Congress finalized the FY 2026 omnibus spending package in late February. For the first time in three years, education program leaders have budget clarity going into spring planning season. It is not everything anyone hoped for, but it is workable.

The signing of the FY 2026 omnibus package is significant because of what it ends as much as what it contains. Months of continuing resolution uncertainty have forced districts and program operators to plan under ambiguous funding conditions. That uncertainty is now resolved.

This edition breaks down what was in the package, what it means for afterschool and summer programming specifically, and what decisions you should be making right now before the summer staffing window closes.

Federal Budget

FY 2026 Omnibus Signed: $79 Billion in Education Funding. Here Is What Survived.

$79B
Total education funding in the FY 2026 omnibus spending package President Biden signed the full-year FY 2026 appropriations package on February 28, 2026, ending seven months of continuing resolution funding and providing program operators with a complete 12-month budget picture.

21st CCLC Preserved at $1.329 Billion

$1.33B
21st CCLC afterschool and summer program funding, maintained at near-prior-year levels After significant advocacy from afterschool networks, the 21st Century Community Learning Centers program was preserved at $1.329 billion, representing a modest 0.6% reduction from FY 2025 levels. This is substantially better than the deep cuts proposed in the initial House budget framework.

For 21st CCLC grantees, this means your current funding cycle is secure and renewal applications can proceed with confidence. State education agencies will be releasing updated guidance on the 2026-27 grant cycle in the coming weeks. Watch for those notices and review your program's performance data now, before the application window opens.

Other Title Funding: What Changed

Title I funding was maintained at current levels with a small inflation-adjusted reduction. Title II teacher quality funding saw a modest cut of approximately 3%. Title IV-A Student Support and Academic Enrichment grants, which many afterschool programs draw on as a supplemental source, were maintained.

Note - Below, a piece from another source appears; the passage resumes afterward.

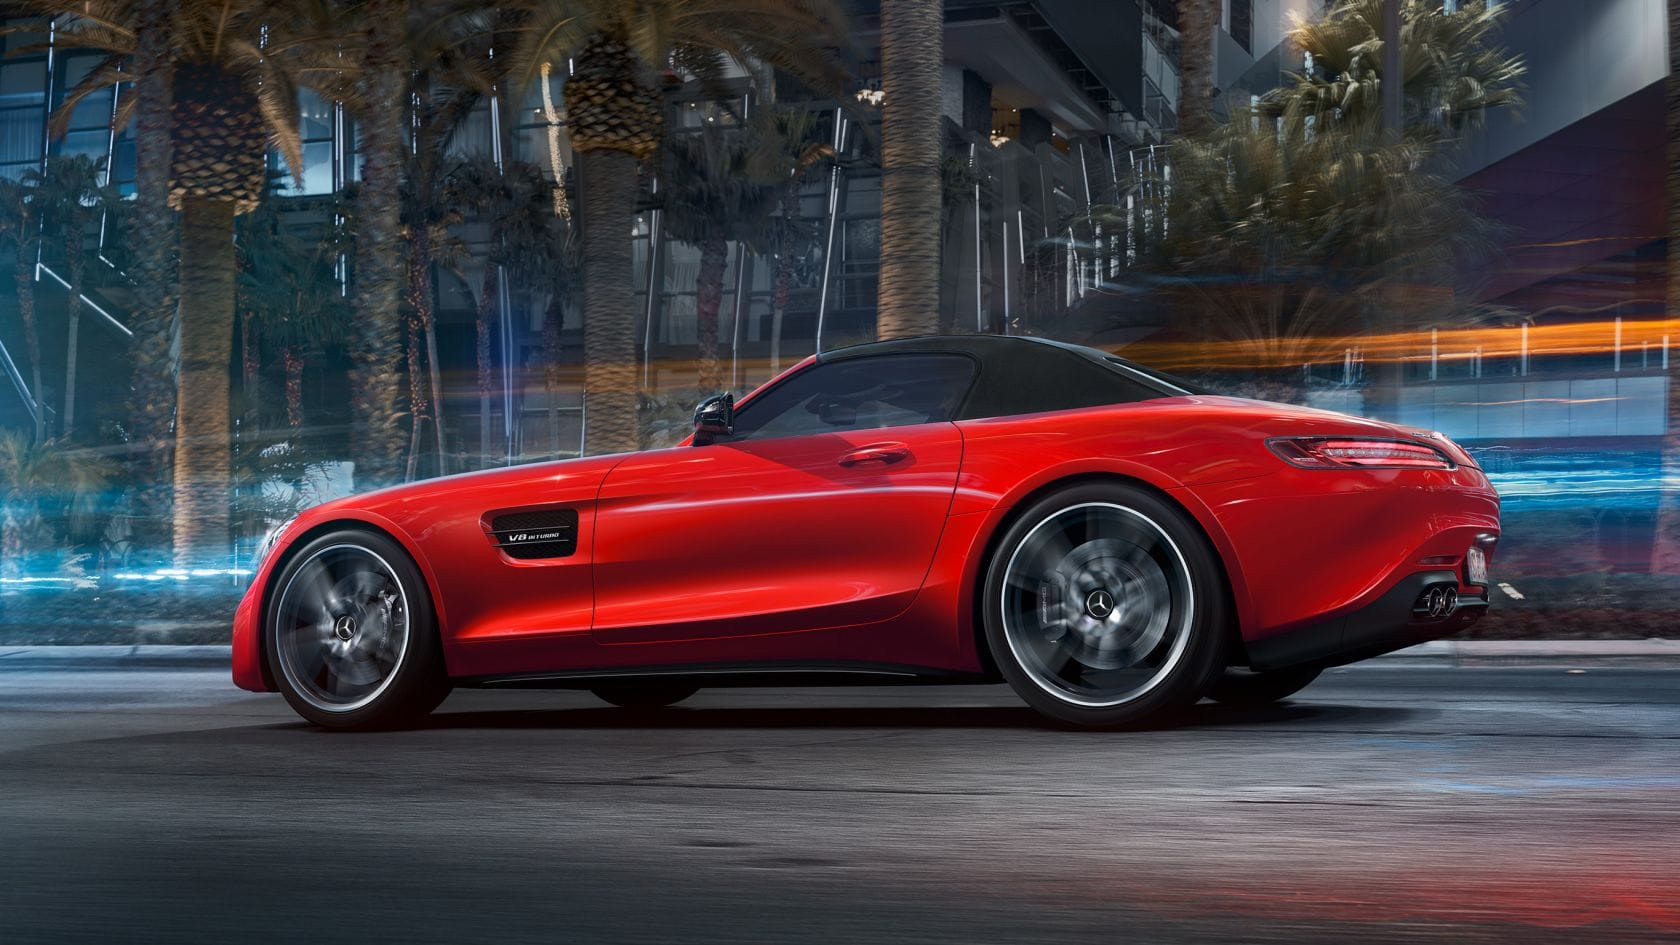 AMG-GT-Roadster-Seitenansicht-dynamisch-rot-geschlossen-Stoffverdeck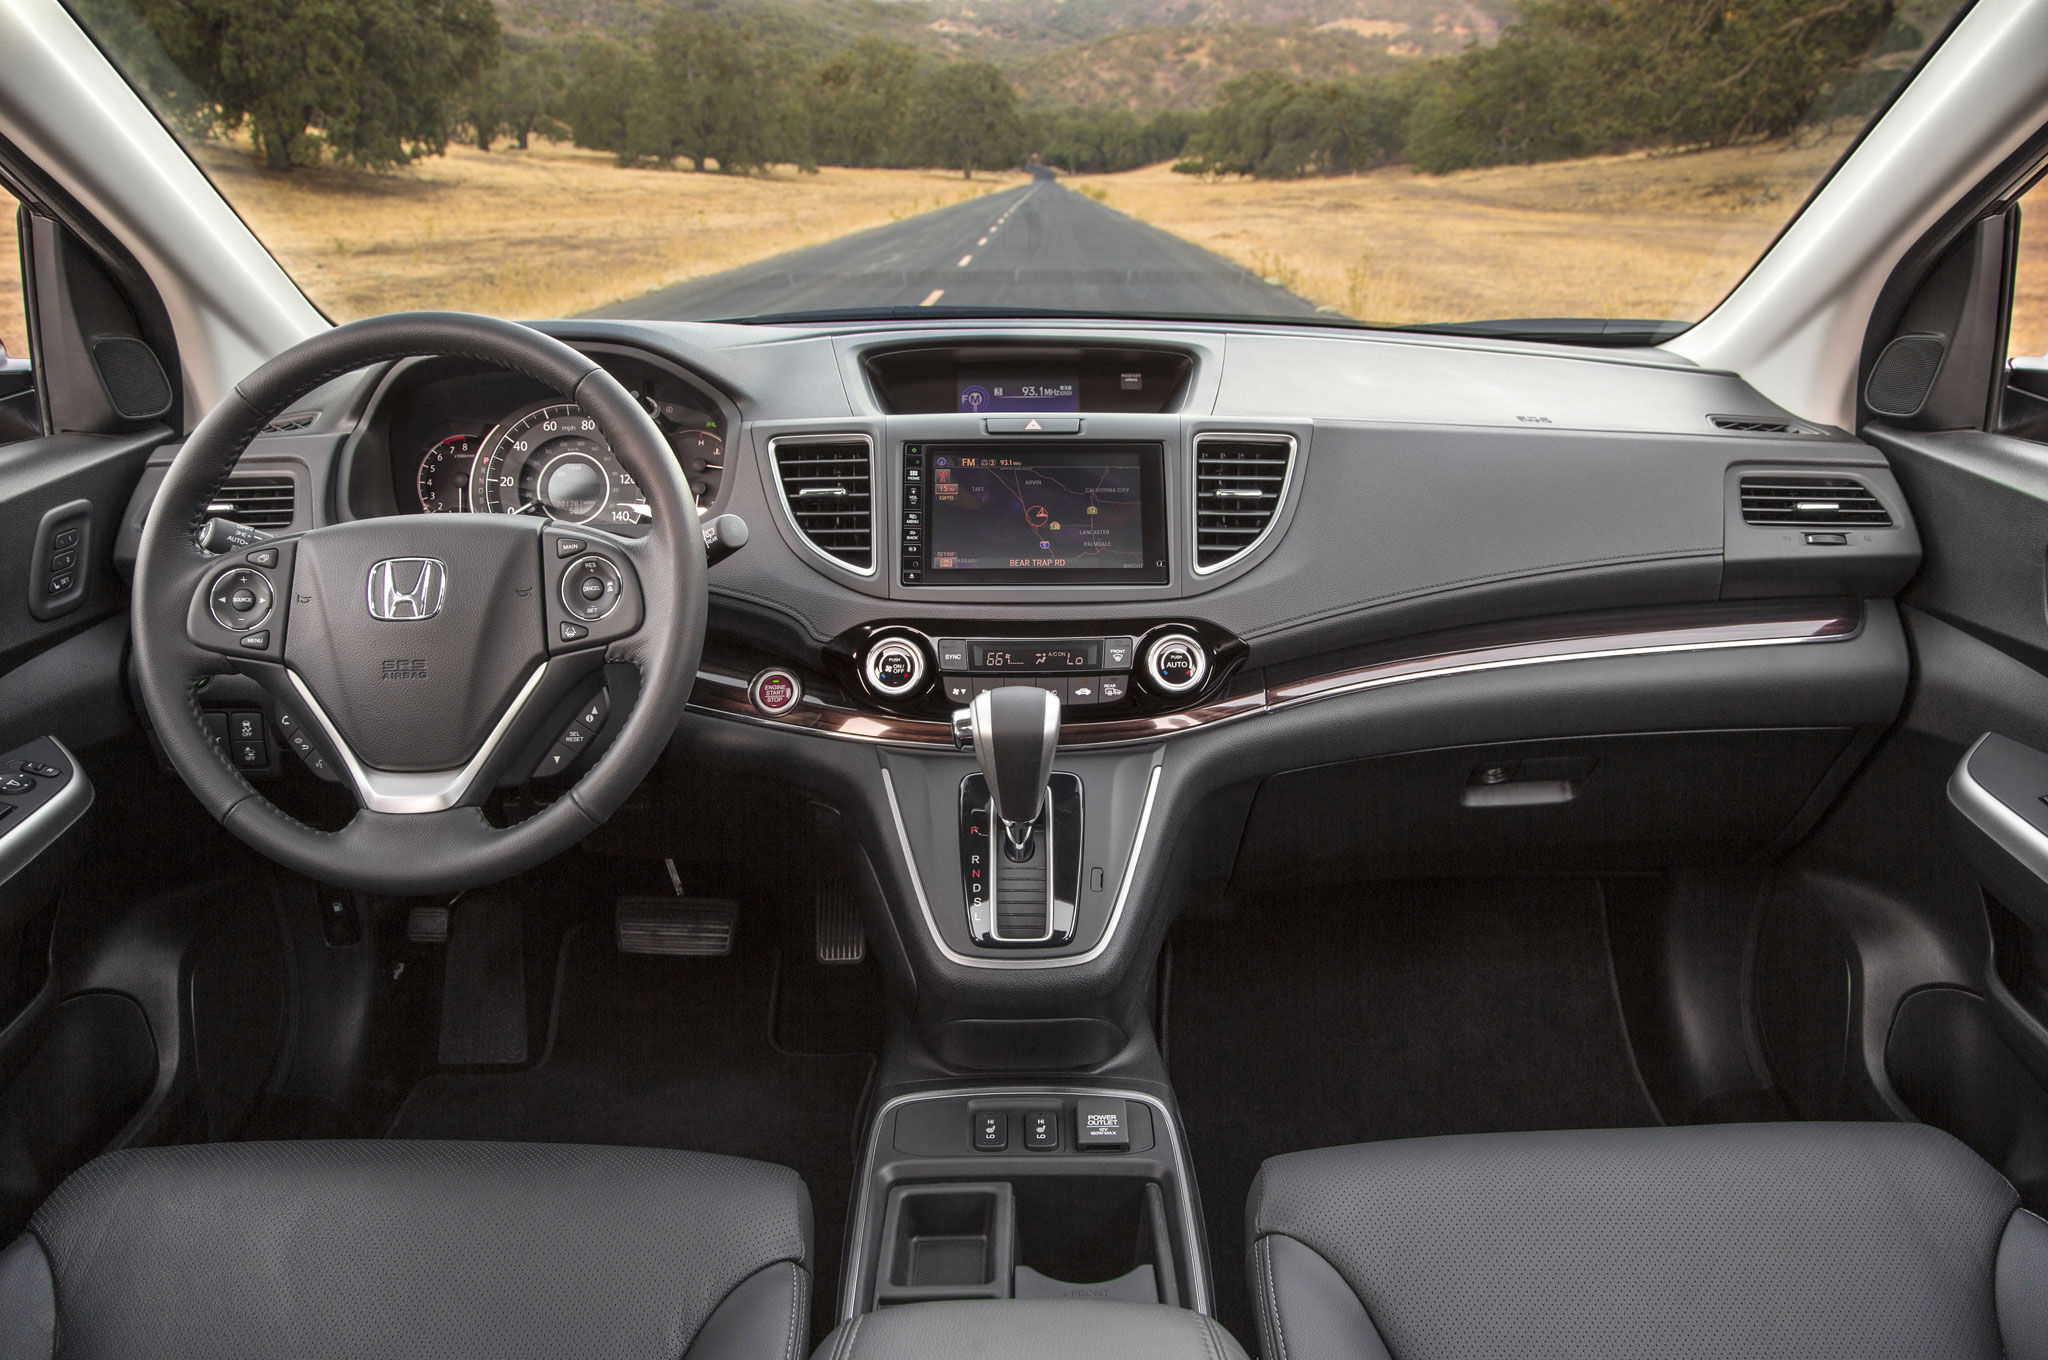 crv cr reviews interior carwow old new honda vs v blog compared

The child care funding situation is more complex. The Child Care and Development Block Grant received a nominal appropriation, but the discretionary freeze embedded in the omnibus package limits states' ability to expand child care slots in FY 2026. Programs that rely on CCDBG subsidies to fund families should review their current agreements with state agencies and understand what any enrollment growth will require.

Quick Hits

Child Care Funding Freeze: What Programs Need to Know

The child care provisions in the omnibus received less attention than K-12 line items but affect a significant number of programs that serve school-age children. Three things worth tracking:

  • CCDBG subsidy reimbursement rates are frozen at FY 2025 levels. Programs that have not reviewed their subsidy agreements recently may be absorbing real cost increases without corresponding reimbursement increases.

  • Head Start received a 2% increase, maintaining approximately 833,000 enrollment slots nationally. Programs that coordinate with Head Start for K-3 transitions should confirm any changes with their local grantee.

  • The Pre-K Improvement grants under Preschool Development Grants received level funding. State-administered programs operating under PDG should confirm with their state agency whether grant cycles are affected.

Data Your Program Needs

New Absenteeism Report: The Connection Afterschool Programs Can No Longer Ignore

The Department of Education released updated chronic absenteeism data in late February. The national picture remains concerning: 28% of K-12 students meet the threshold for chronic absenteeism, with rates significantly higher in high-poverty districts, rural schools, and schools serving large proportions of English learners.

62%
of chronically absent students attend schools that lack structured afterschool programming The correlation between chronic absenteeism rates and afterschool program availability is not new, but the magnitude of the gap in the 2025 data is striking. Students in schools with 21st CCLC-funded programs showed statistically lower chronic absenteeism rates compared to matched peers in schools without program access.

The practical implication for program directors is this: your attendance data is a policy-relevant asset right now. If you can show that your program is associated with improved school-day attendance rates, that is a powerful argument for sustained funding, expanded access, and school-day partnership resources.

If your program does not currently collect or analyze data on school-day attendance for participants, this is the year to build that capability. The data infrastructure is not complex, but it does require a data sharing agreement with the school or district, which is worth pursuing now before summer.

Action Item

The Summer Staffing Window Is Shorter Than You Think. Here Is Your Free Guide.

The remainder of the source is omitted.